Description of the task: Set down each line exactly, beginning with the one that contains "Ukiyo-e color woodblock" and continuing through the last line of the listing, and nothing else.

Collected data:
╔══

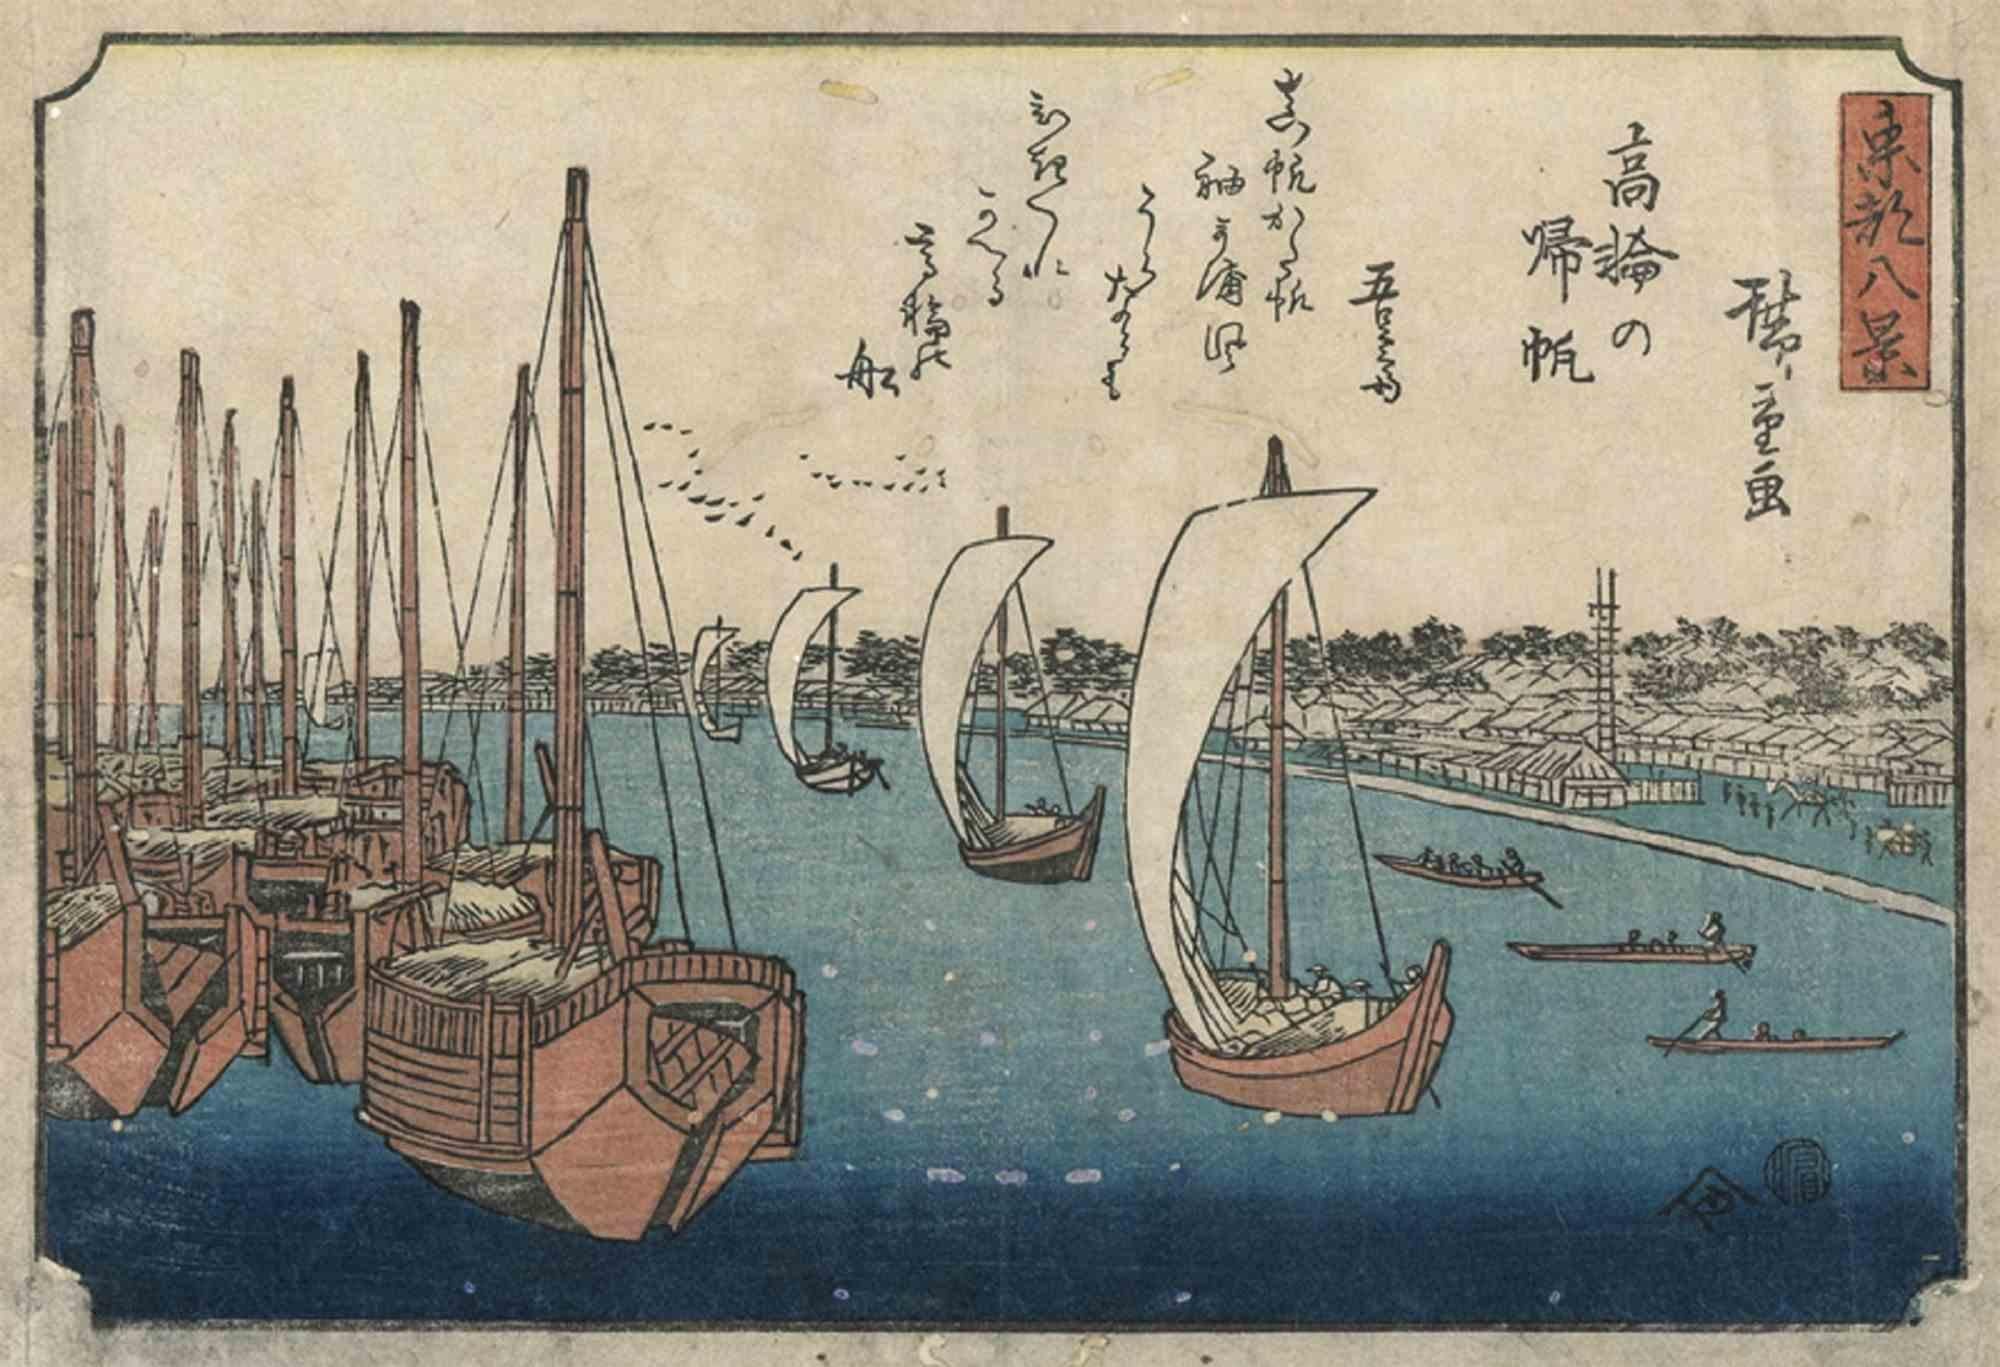 Takanawa no kihan is a modern artwork realized between 1843 and 1847 after Utagawa Hiroshige.

Ukiyo-e color woodblock print from the Touto hakkei (The Eight Famous Views of the Capital of the East) series.

Mounted under passepartout. 

The artwork

╚══

Exercise result:
Ukiyo-e color woodblock print from the Touto hakkei (The Eight Famous Views of the Capital of the East) series.

Mounted under passepartout. 

The artwork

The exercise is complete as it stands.